Alexander Erler and Andreas Mies won the doubles title at the 2024 Generali Open Kitzbühel, defeating Constantin Frantzen and Hendrik Jebens in the final, 6–3, 3–6, [10–6]. It was Erler's sixth ATP Tour doubles title (and his third in Kitzbühel), and Mies' seventh.

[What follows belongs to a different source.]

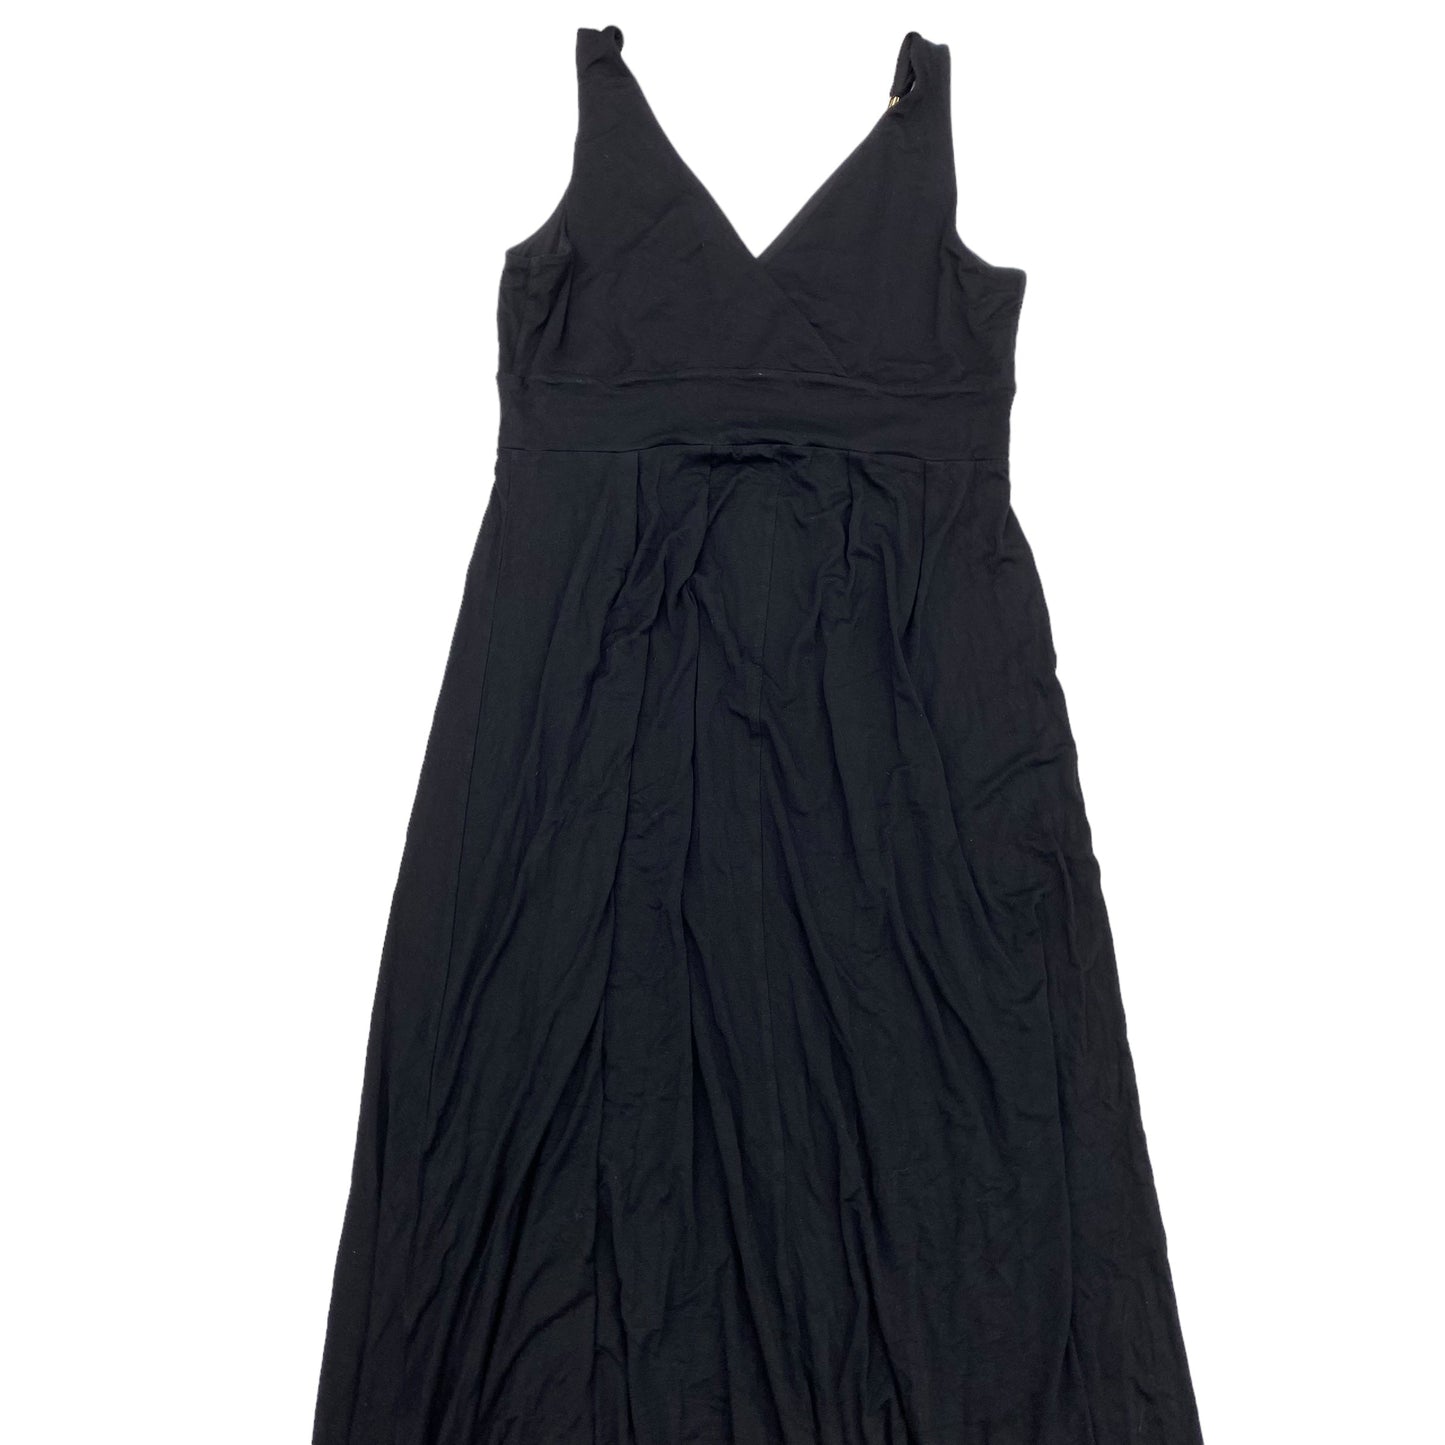 BLACK DRESS CASUAL MAXI by JENNIFER LOPEZ Size:XL
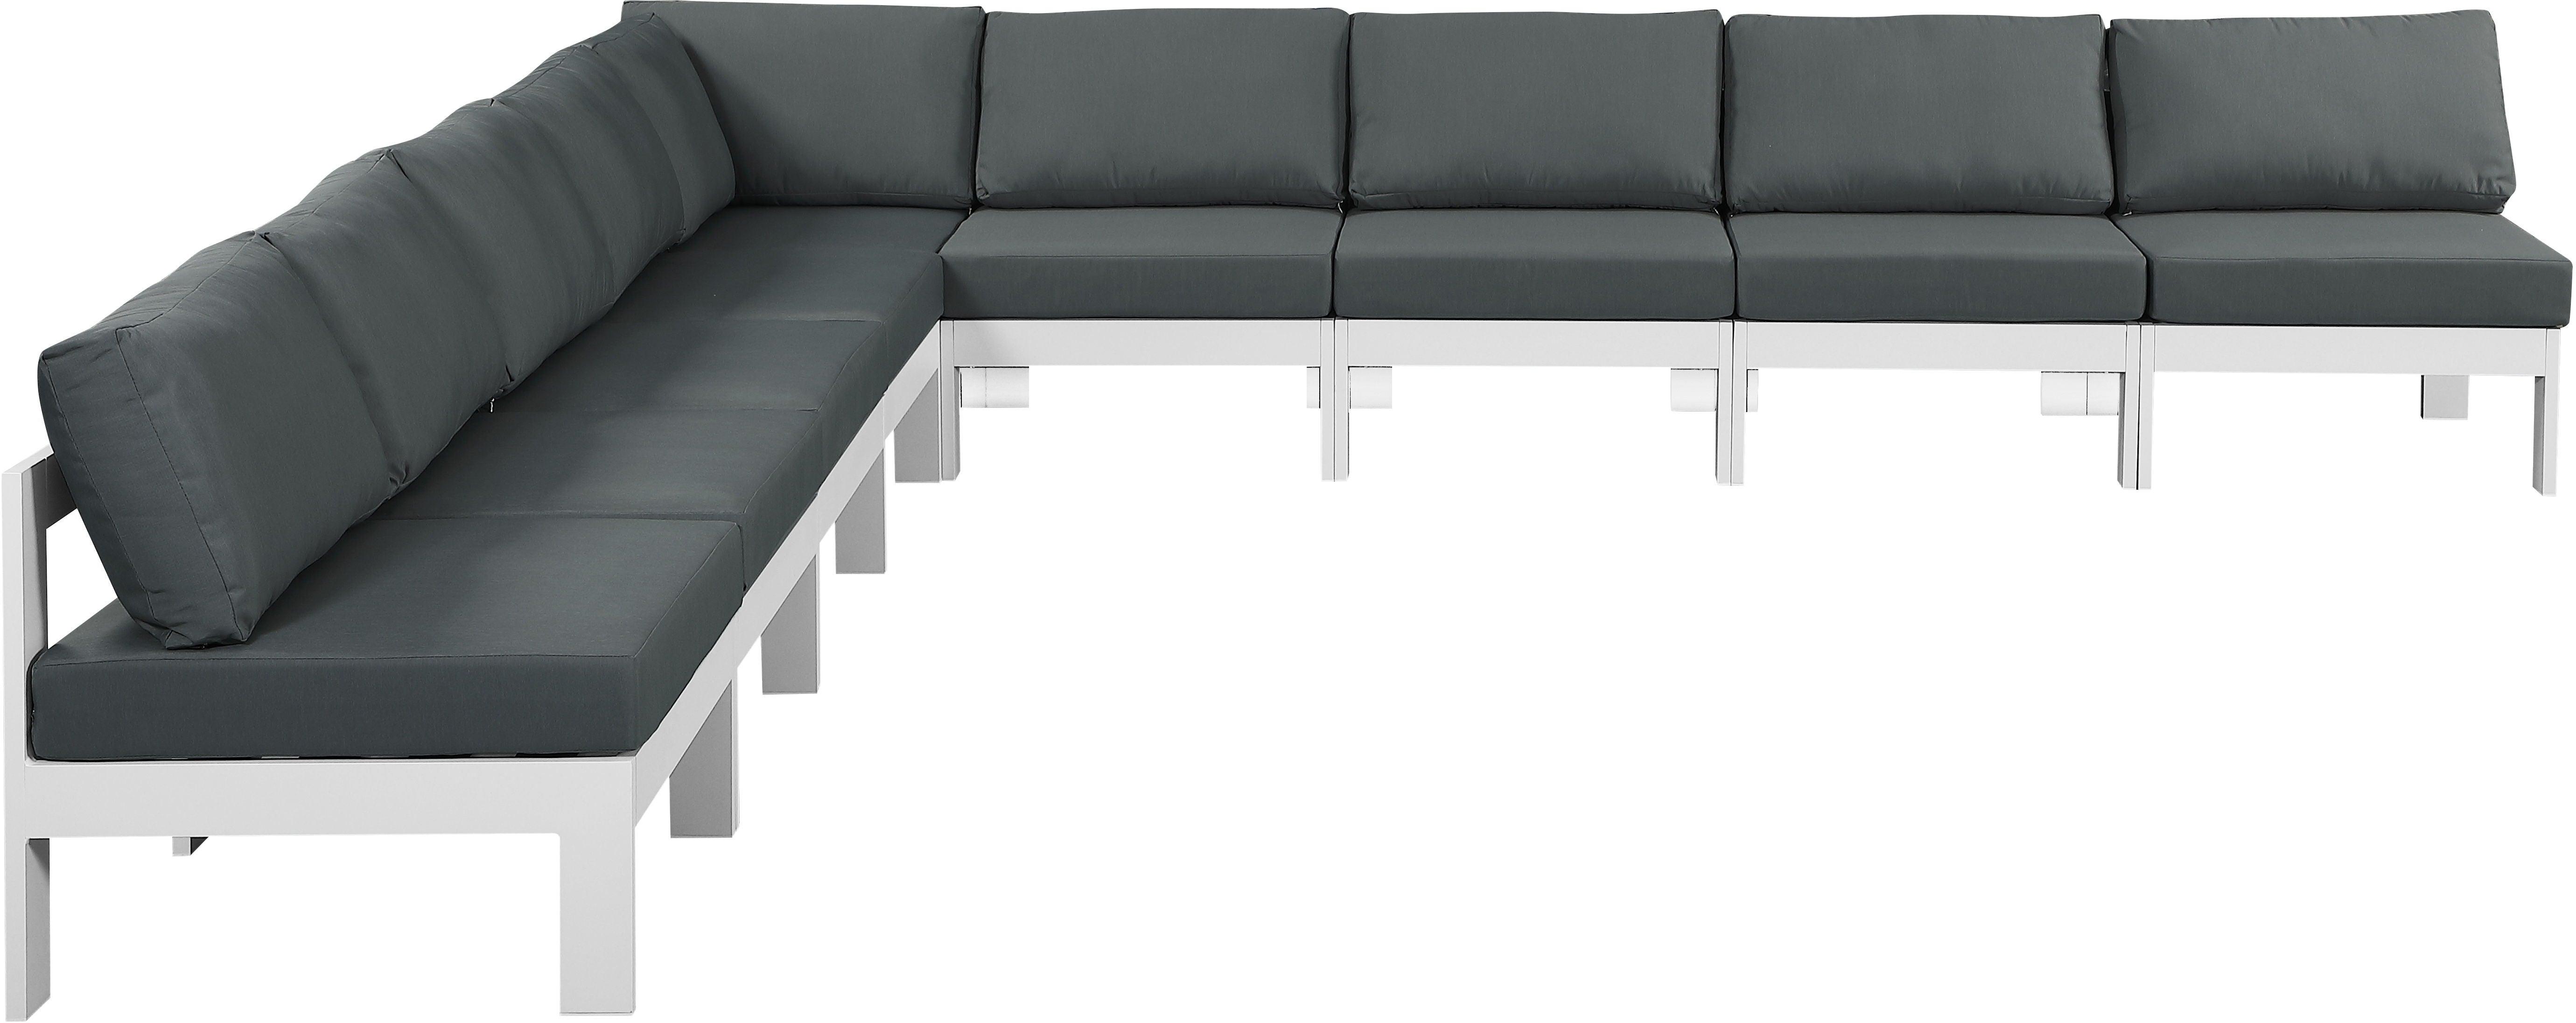 Meridian Furniture - Nizuc - Outdoor Patio Modular Sectional 9 Piece - Grey - Fabric - 5th Avenue Furniture

Erler and Lucas Miedler were the reigning champions, but Miedler withdrew before the tournament began.

==Seeds==

1. GBR Jamie Murray / CZE Adam Pavlásek (quarterfinals)
2. MEX Santiago González / TUN Skander Mansouri (semifinals)
3. NED Robin Haase / NED Jean-Julien Rojer (quarterfinals)
4. ECU Gonzalo Escobar / KAZ Aleksandr Nedovyesov (quarterfinals)
5. GER Constantin Frantzen / GER Hendrik Jebens (final)
6. AUT Alexander Erler / GER Andreas Mies (champions)
7. GBR Lloyd Glasspool / NED Matwé Middelkoop (semifinals)
8. MON Romain Arneodo / AUT Sam Weissborn (quarterfinals)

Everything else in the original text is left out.